A lot of their inactivity can obviously be blamed on technology that has taken physical activity out of almost every aspect of American life while encouraging a sedentary lifestyle tied to staring at television, computer and phone screens.
And this problem has only been compounded by urban planners who, in the 1960s, began designing communities more to suit motor vehicles than people and then let motor vehicles take over urban design.

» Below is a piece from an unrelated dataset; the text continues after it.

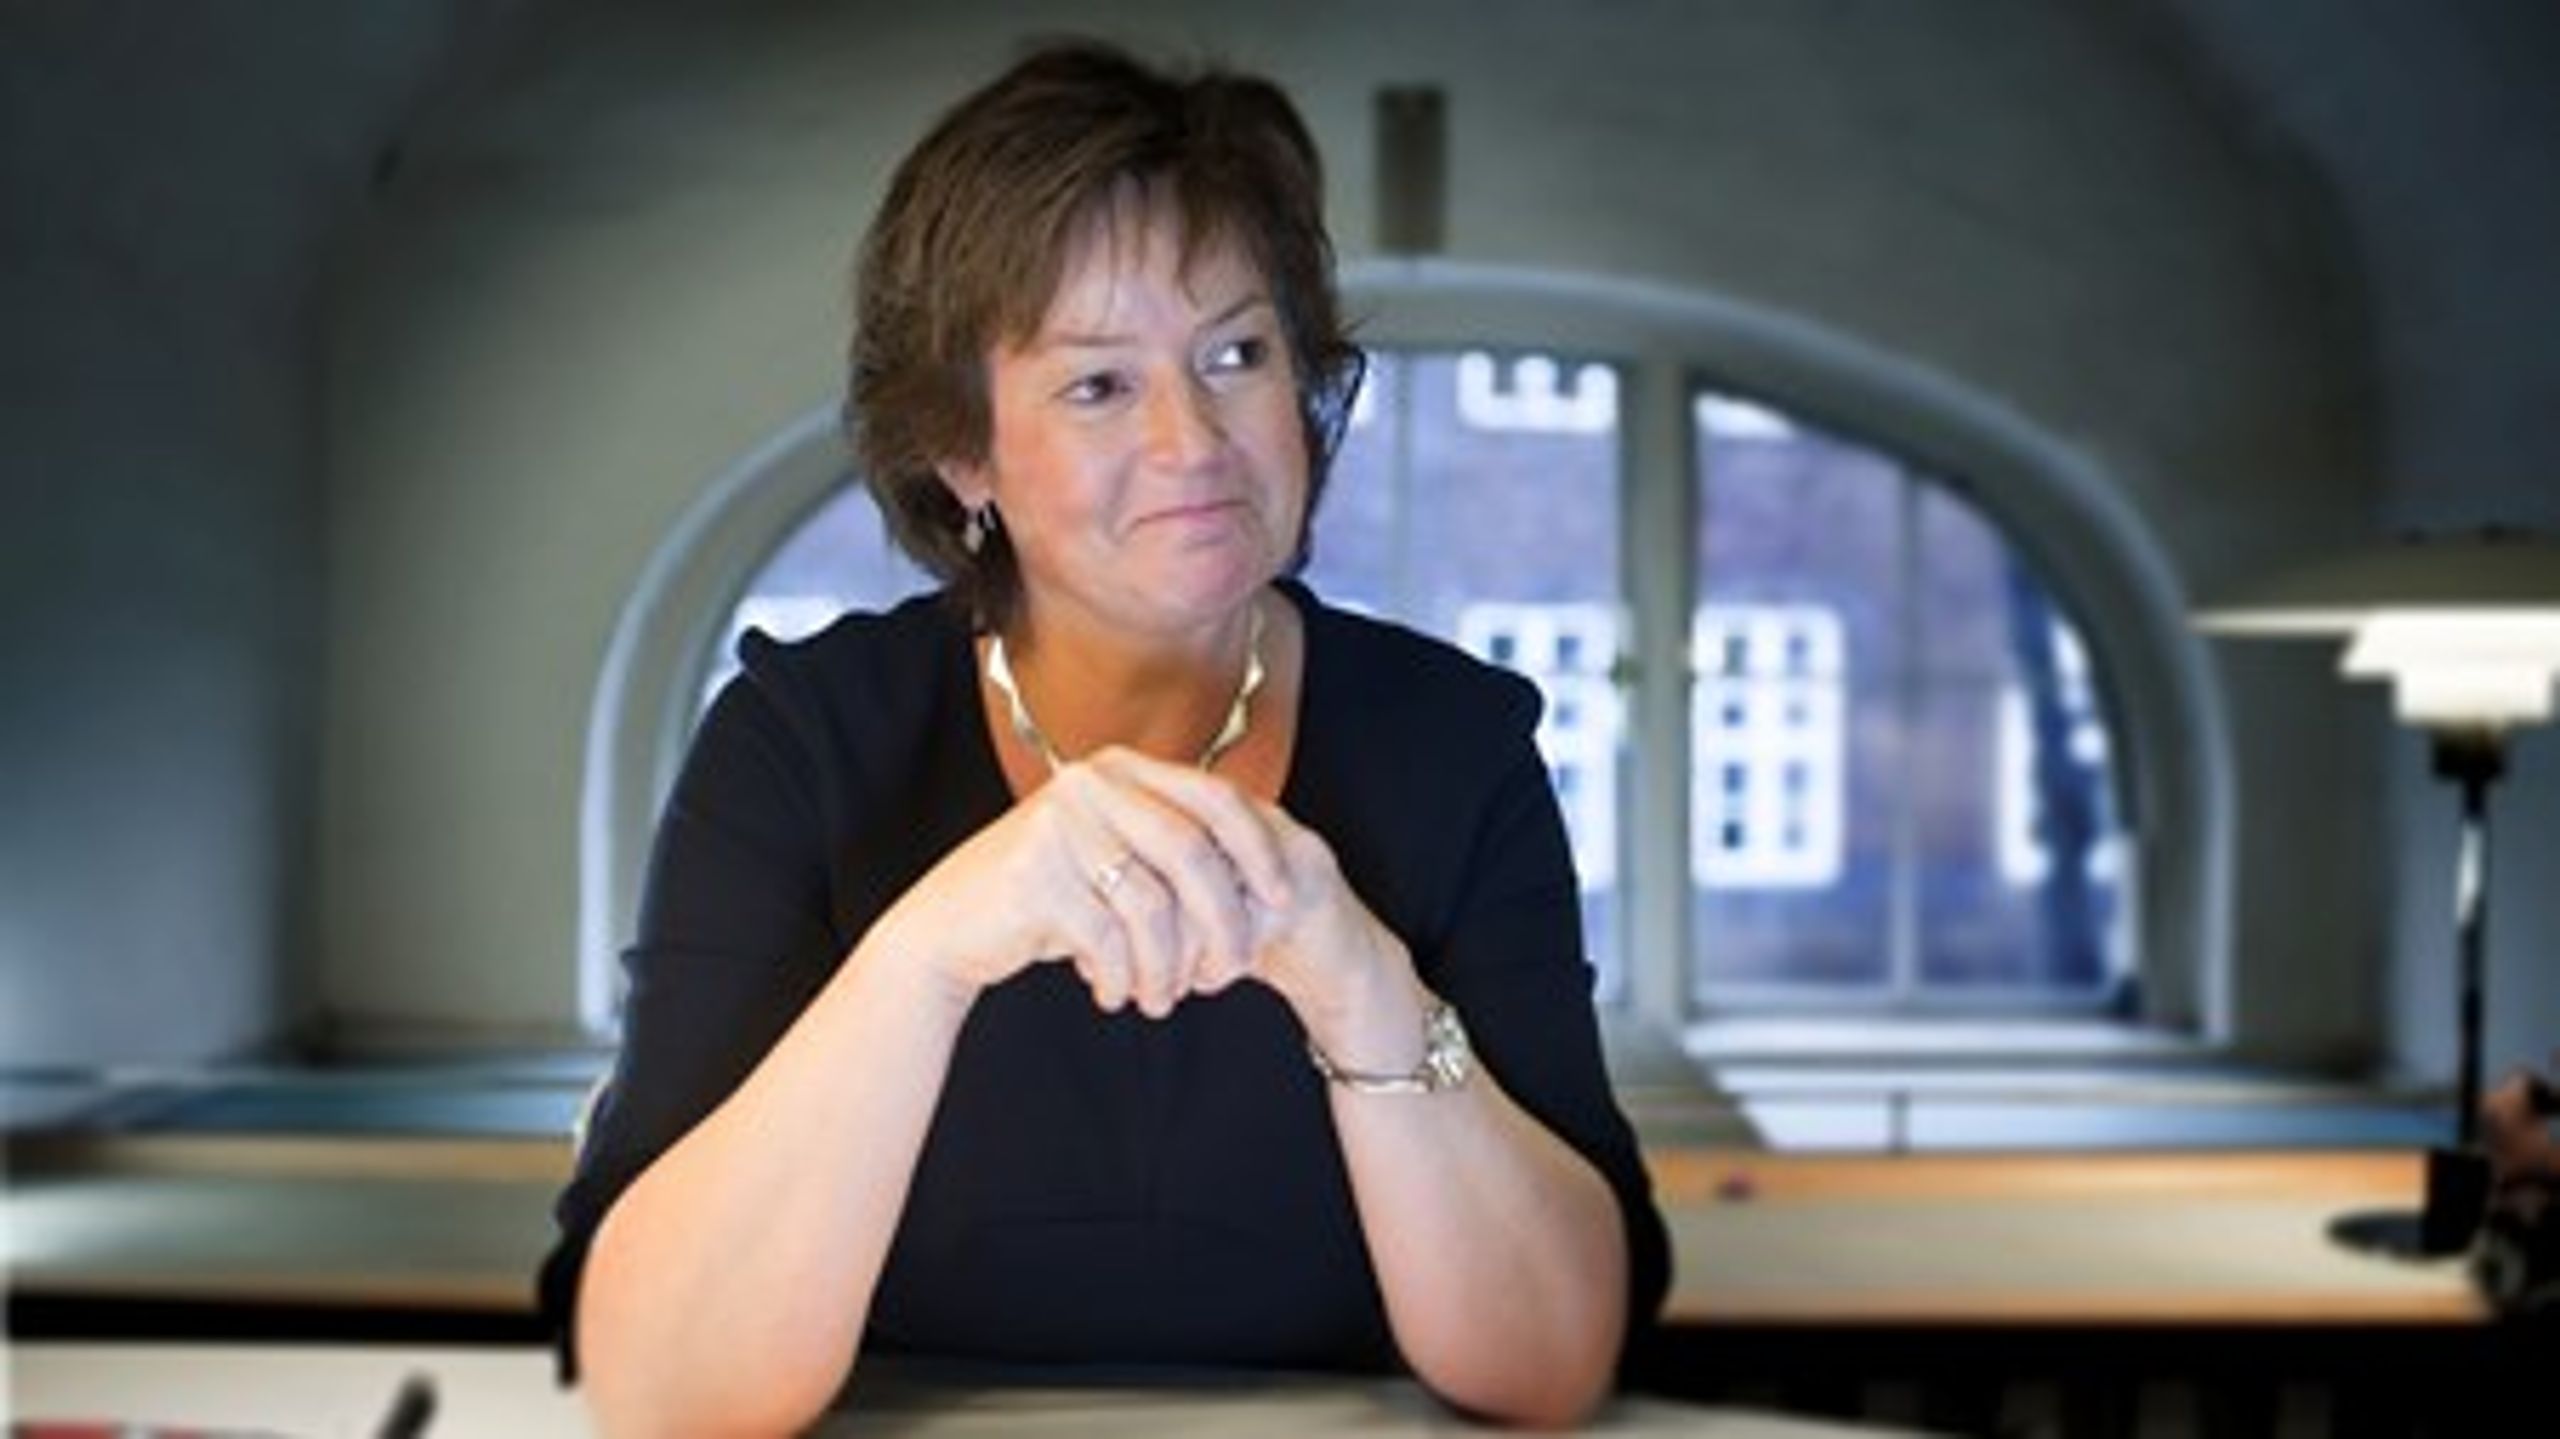 Venstres ordfører for børn og undervisning, Anni Matthiesen, mener ikke, at alle ungdomsuddannelser skal føre til længere videregående uddannelser.
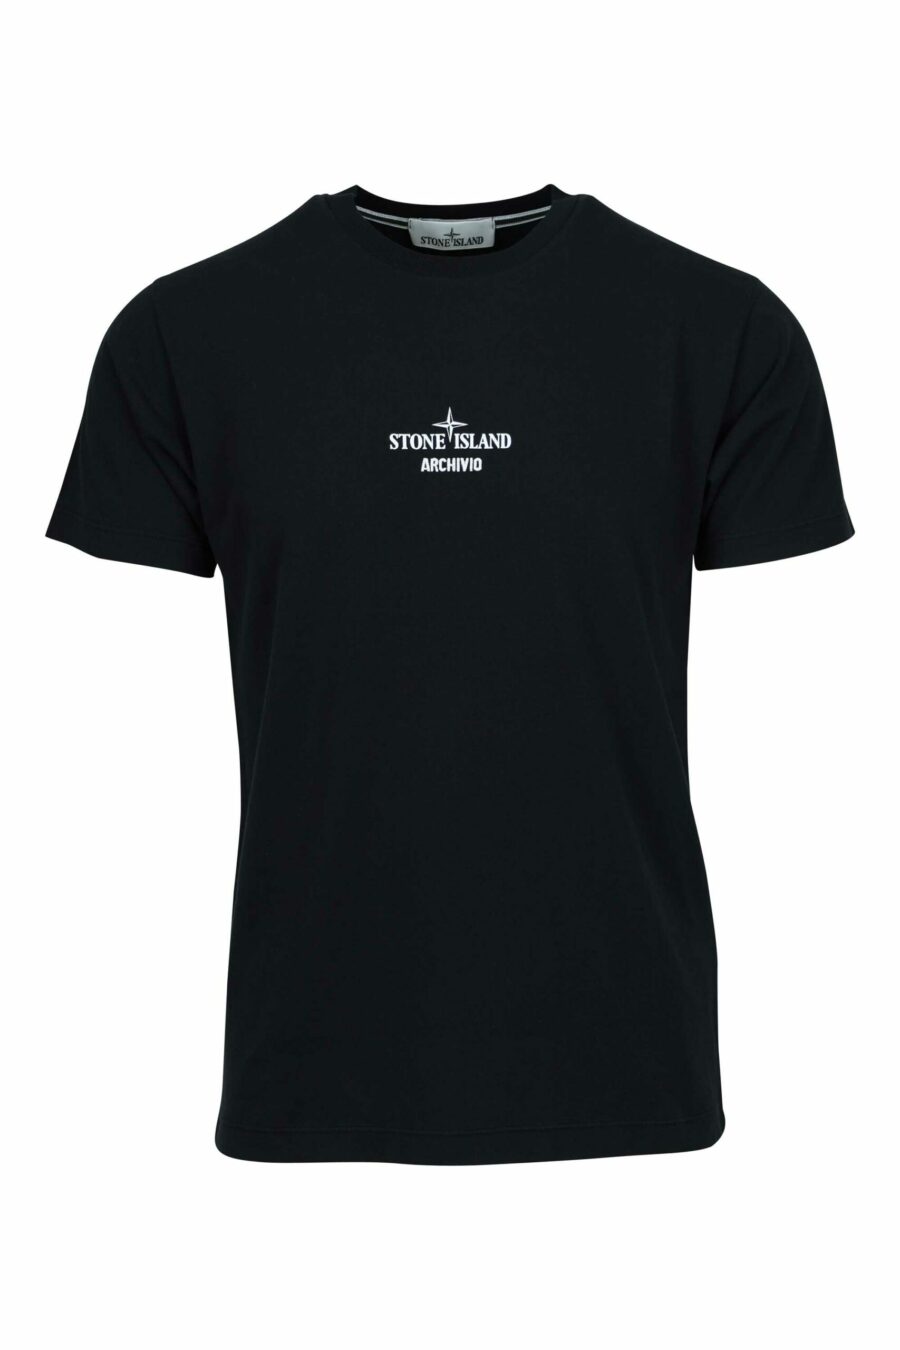 T-shirt noir avec mini logo "archivio" centré - 8052572924798

Traffic in many places now discourages people from walking anywhere, either because they feel walking is unsafe or because in many, if not most cities and suburbs, it is easier to drive than follow convoluted safe-walking routes to get anywhere.
As a result, Americans have become addicted to motor vehicles to the detriment of public health, but it would appear from the Medicare findings that most don’t care. It appears they’d rather be fat and self-delusionally happy than engage in the minimal amount of physical activity considered necessary to stay healthy.
But then again, it’s not all their fault. The American medical community now promises medications to fix everything and anything, so why would anyone want to get sweaty and maybe even tired by engaging in exercise?